Restate word for word the lines below from the one that has "100% Cotton Hoodie" through the one that has "Portrait mit Blick", keeping both and dropping all pictures.

GIVEN RECORDS:
□ □ □
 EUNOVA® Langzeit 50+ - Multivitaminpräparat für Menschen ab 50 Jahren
□ □ □
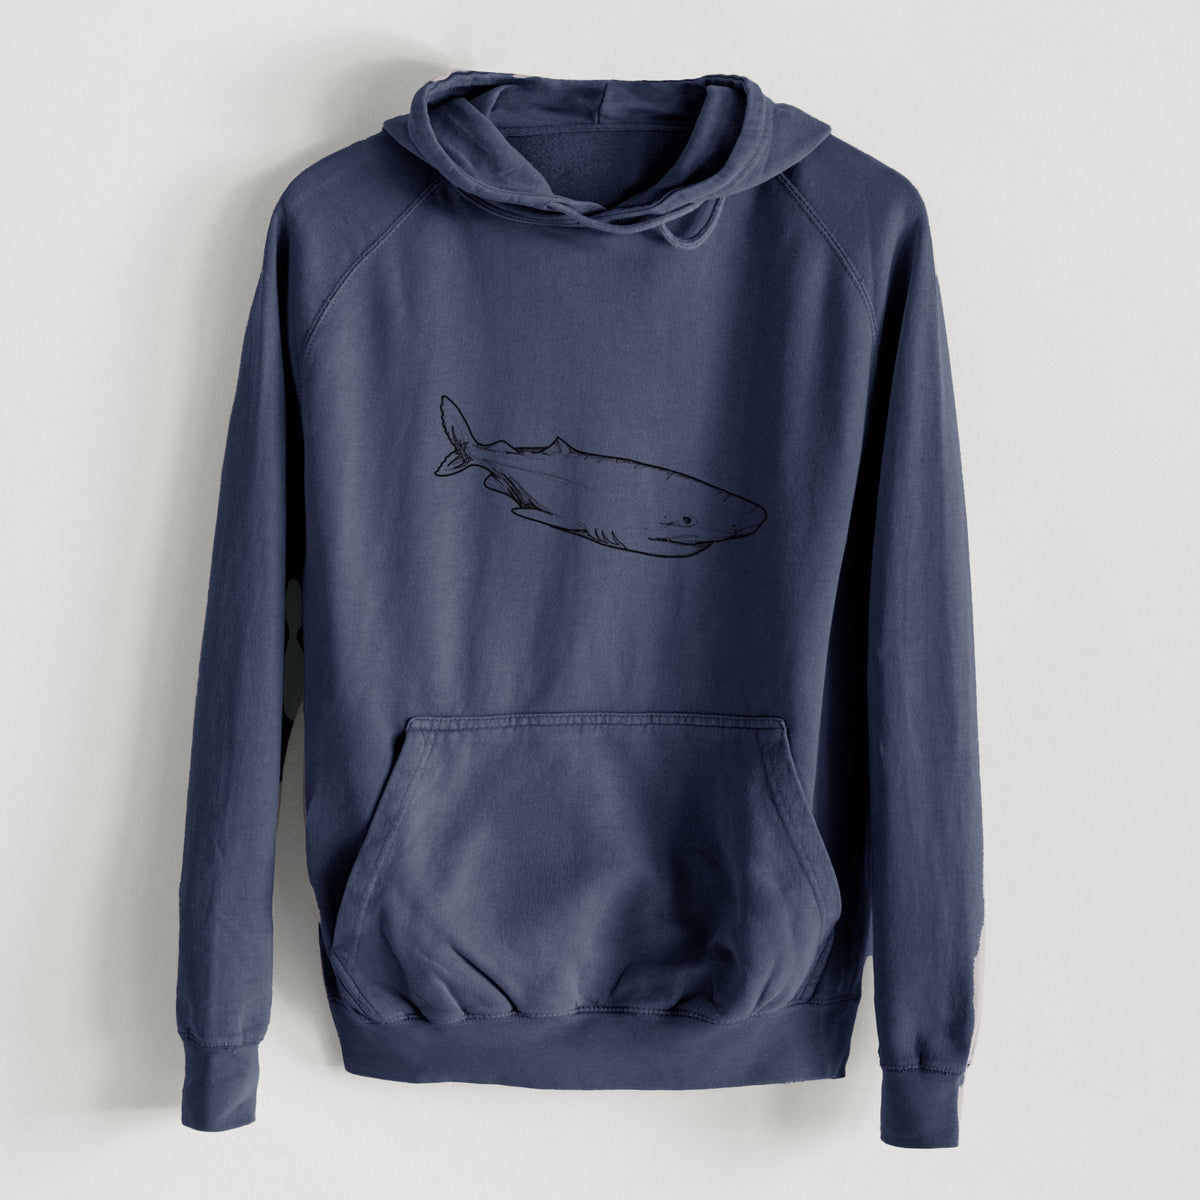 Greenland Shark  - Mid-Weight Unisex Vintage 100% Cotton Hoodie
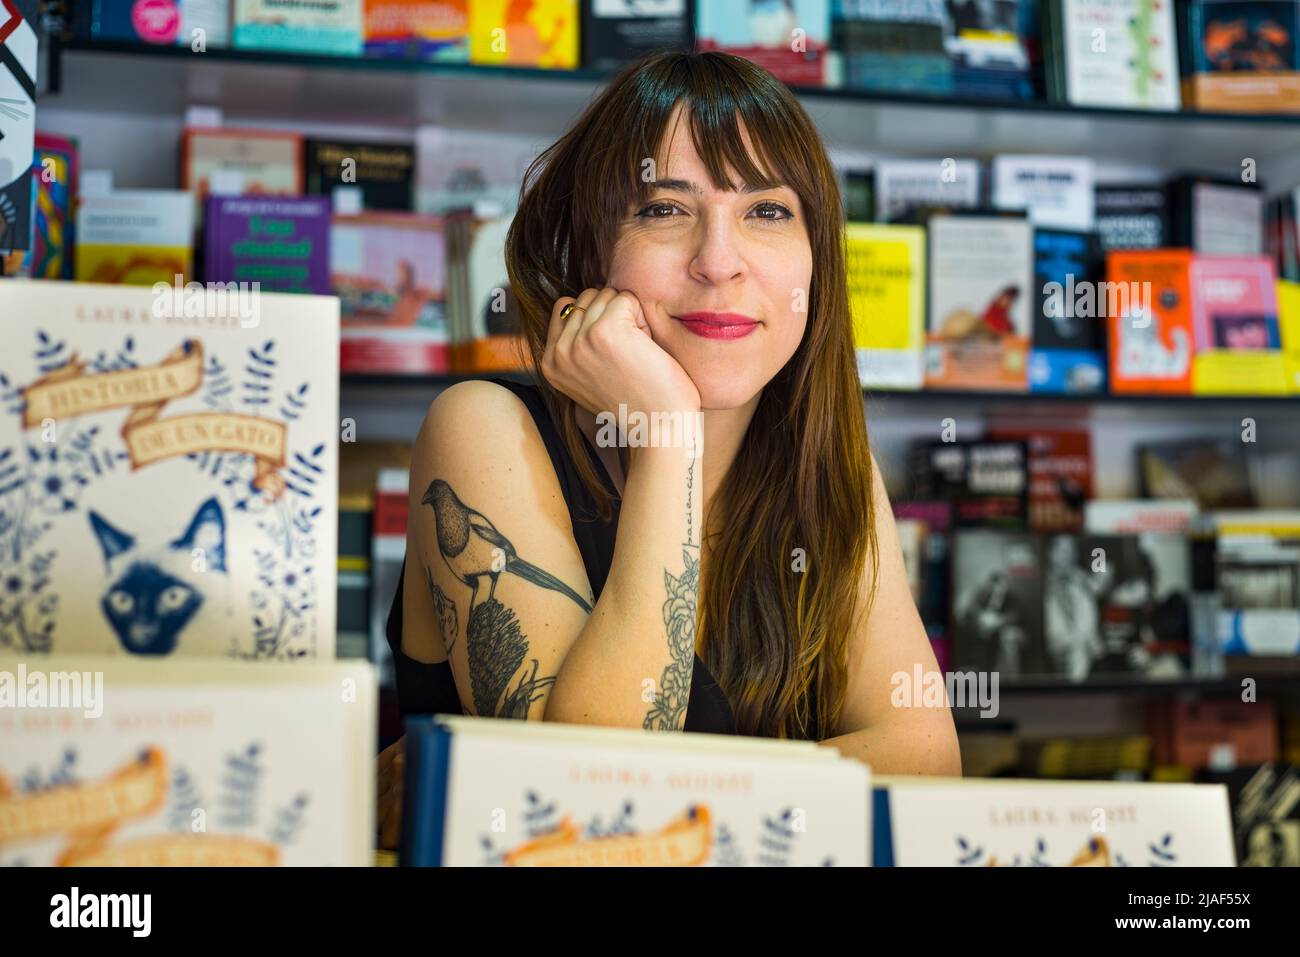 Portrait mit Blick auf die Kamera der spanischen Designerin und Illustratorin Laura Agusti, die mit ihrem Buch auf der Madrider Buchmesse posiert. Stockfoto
□ □ □
WRITTEN RESPONSE:
 Greenland Shark  - Mid-Weight Unisex Vintage 100% Cotton Hoodie
 Portrait mit Blick auf die Kamera der spanischen Designerin und Illustratorin Laura Agusti, die mit ihrem Buch auf der Madrider Buchmesse posiert. Stockfoto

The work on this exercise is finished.